The term hypersensitivity refers to those inappropriate immunological reactions, which rather than contributing to recovery, themselves produce tissue damage and forms an important and sometimes, a major part of the disease process. Hypersensitivity reactions can be provoked by many antigens; the cause of hypersensitivity reaction will vary from one individual to the next. Hypersensitivity is not manifested in first contact with the antigen, but usually appears on subsequent contact.


The hypersensitivity is classified into two types, i.e. immediate hypersensitivity and delayed hypersensitivity.

  • Immediate hypersensitivity: This type of hypersensitivity includes the following:
  1. Type I: Anaphylactic or atopic reaction
  2. Type 2: Cytolytic or cytotoxic reaction or antibody cell surface reaction
  3. Type 3: Immune complex reaction
  • Delayed hypersensitivity: This type of hypersensitivity include the following:
    • Type 4: Hypersensitivity

Type I, II and III reactions depend on interaction of antigen with humoral antibody and tend to be called immediate type hypersensitive reactions although, some are more immediate than others. Type 4 reaction involves T cell recognition and because of longer time course, this is referred to delayed type of hypersensitivity reaction.

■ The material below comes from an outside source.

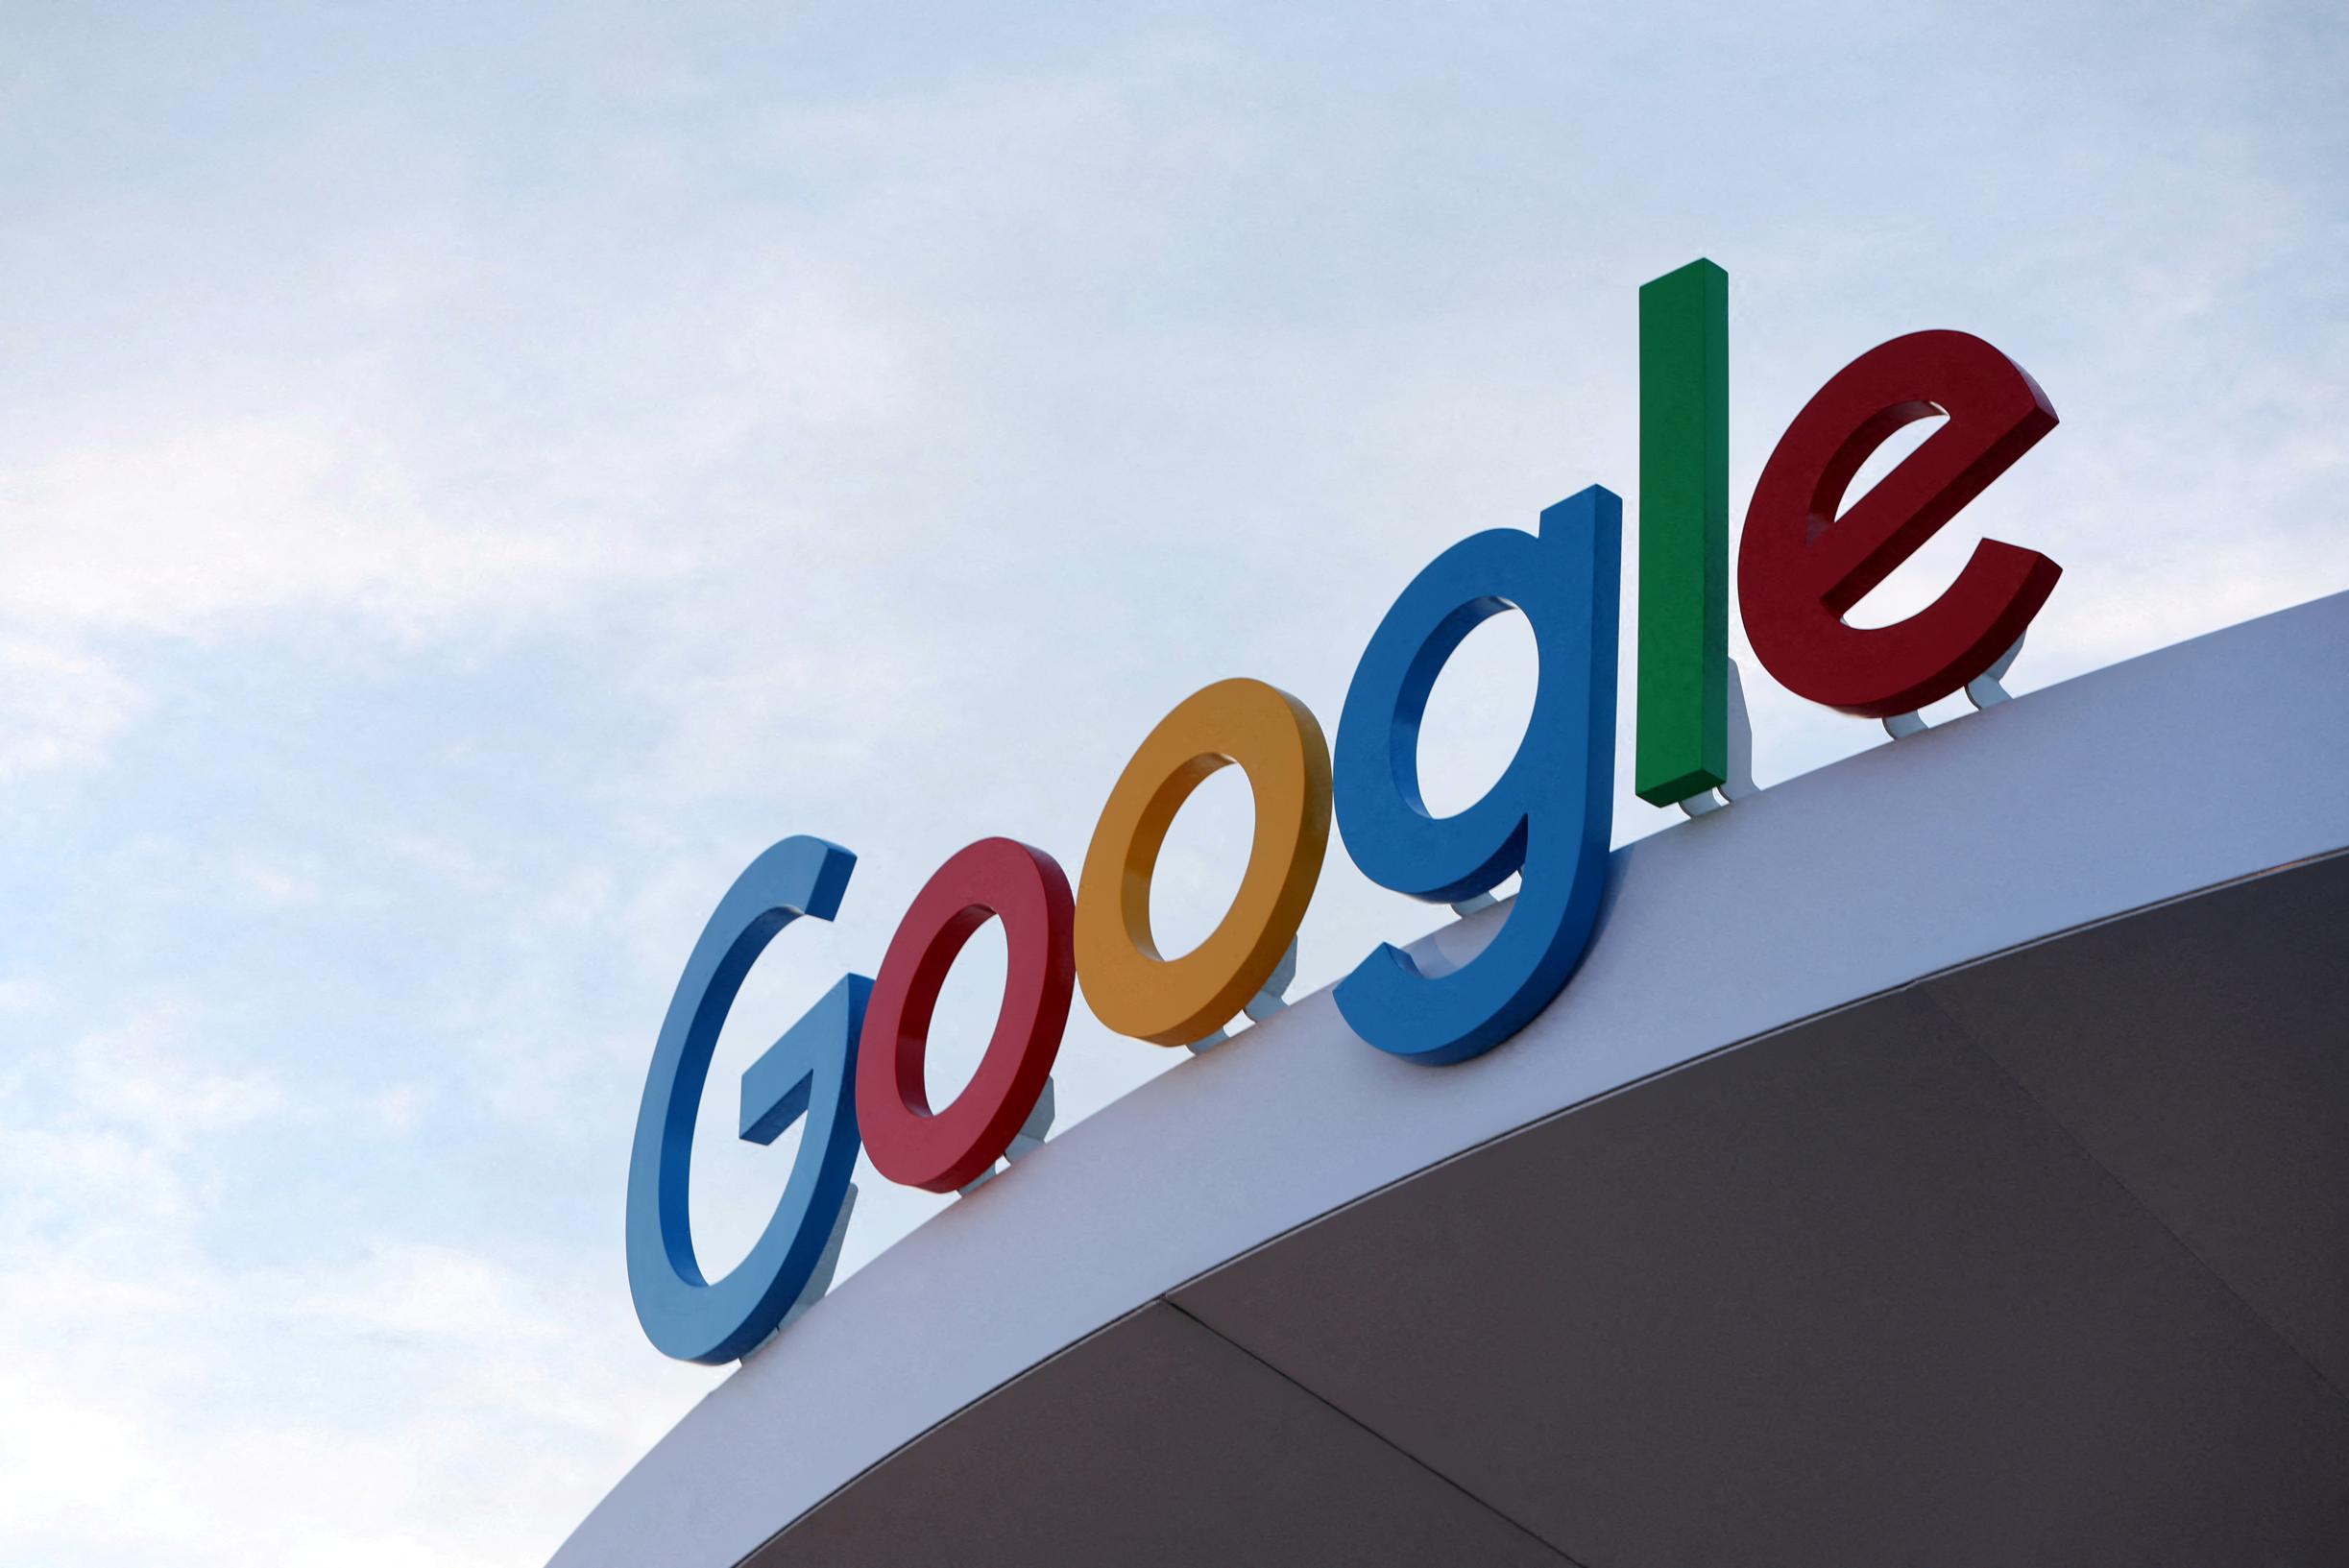 Google, Mediahuis, DPG Media, Roularta ve diğer medya şirketlerinden 2,1 milyar dolarlık taleple karşı karşıya

Hypersensitivity Type I: Anaphylactic or atopic reaction


This most common type of hypersensitivity is mediated by IgE and causes mild e.g. hayfever, to life threatening e.g. bee sting, clinical situations. Some individuals (atopic) have a genetic predisposition to make high levels of IgE. Skin tests can be used to test for sensitivity to allergens.

Allergy affects about 17% of the population through mild e.g. hayfever, to life threatening conditions e.g. bee sting allergy. It is mediated by IgE which is normally found in very small amounts in the circulation and has probably evolved to protect us against worm infestations.

Allergic reactions can occur to normally harmless antigens (such as pollen or foodstuffs) and microbial antigens (fungi, worms). Some individuals in the population are genetically predisposed to respond to certain antigens by producing IgE to these antigens and are said to be atopic. Testing for allergy (Prausnitz-Kustner test) involves introduction of the allergen intradermally. A positive skin test occurs in the form of a wheal (fluid accumulation) and flare (redness) reaction at the site of injection.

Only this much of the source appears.